Troubleshooting Steps
-
Gather Data: Collect as much data as possible about the cluster's performance, including CPU usage, memory usage, disk I/O, network latency, and API server logs. Use tools like
kubectl,top,vmstat,iostat, and Prometheus to gather this data. -
Analyze Logs: Carefully examine the logs from the API servers, etcd, kube-scheduler, and kube-controller-manager for errors or warnings. Look for patterns in the logs that might indicate the cause of the problem.
-
Identify Slow Queries: Use tools like
etcdctlto identify slow queries to etcd. This can help you determine if etcd is the bottleneck. -
Profile the API Server: Use profiling tools to identify the code paths that are consuming the most CPU time in the API server. This can help you pinpoint the source of the performance problem.
-
Isolate the Problem: Try to isolate the problem by running the
ClusterLoaderV2.access-tokenstest in a smaller, more controlled environment. This can help you rule out environmental factors that might be contributing to the problem. -
Rollback Changes: If you suspect that a recent code change or configuration change is the cause of the problem, try rolling back to a previous version to see if that resolves the issue.
Relevant Links
The following links provide access to the test results and triage information:
- Prow Job View: This link provides detailed logs and information about the specific test run.

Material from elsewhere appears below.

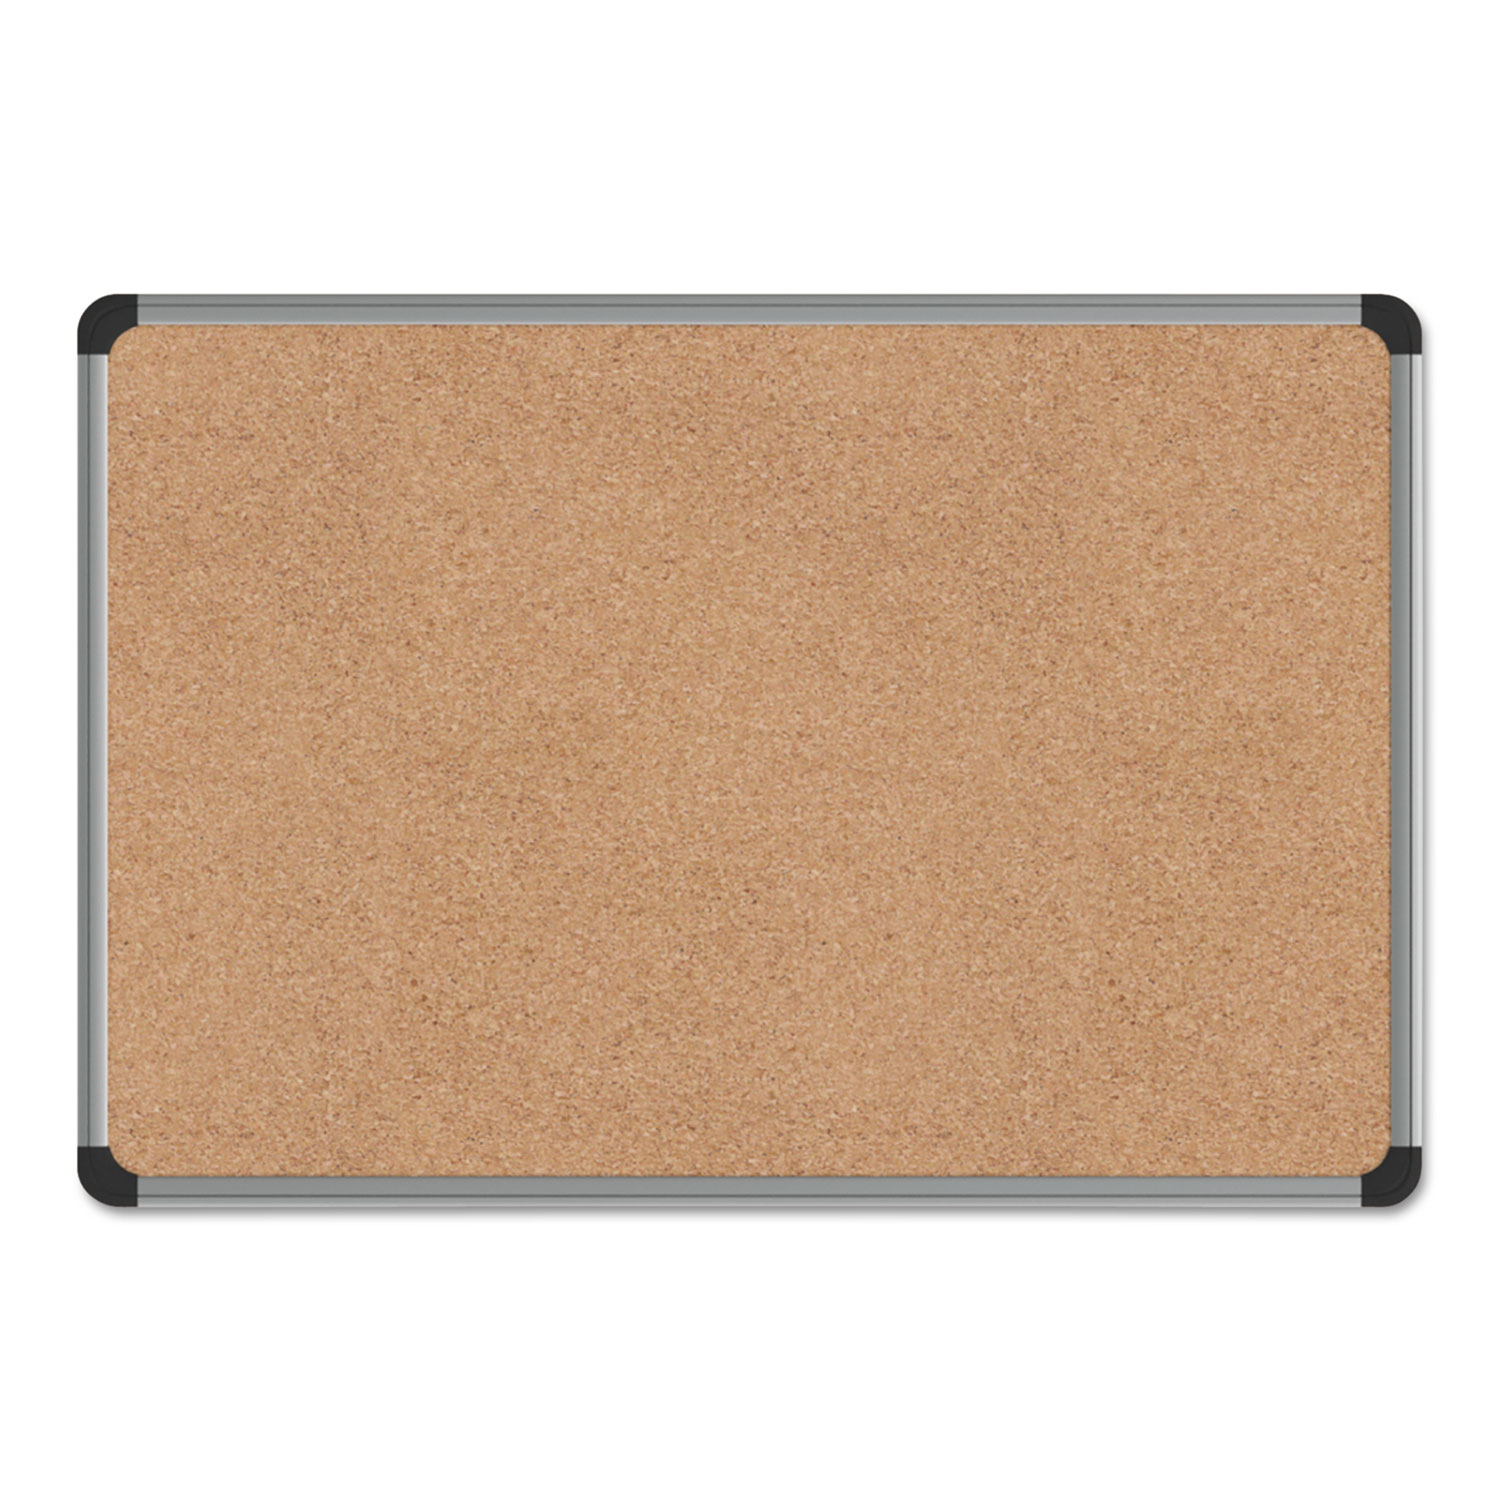  Universal UNV43712 Cork Board with Aluminum Frame, 24 x 18, Natural, Silver Frame (UNV43712)

- Testgrid Link: This link provides a historical view of the test's performance over time.
- Kubernetes Triage Dashboard: This link provides a summary of the test failures and potential causes.
Conclusion
The failing ClusterLoaderV2.access-tokens test indicates a performance regression related to API responsiveness. By systematically investigating resource utilization, etcd performance, network latency, API server load, and recent code changes, you can identify the root cause and implement corrective actions. Remember to gather as much data as possible, analyze logs carefully, and isolate the problem to effectively troubleshoot this issue. The links provided offer valuable insights into the test's history and potential causes.
For more in-depth information on Kubernetes performance tuning, refer to the official Kubernetes Performance Tuning Documentation.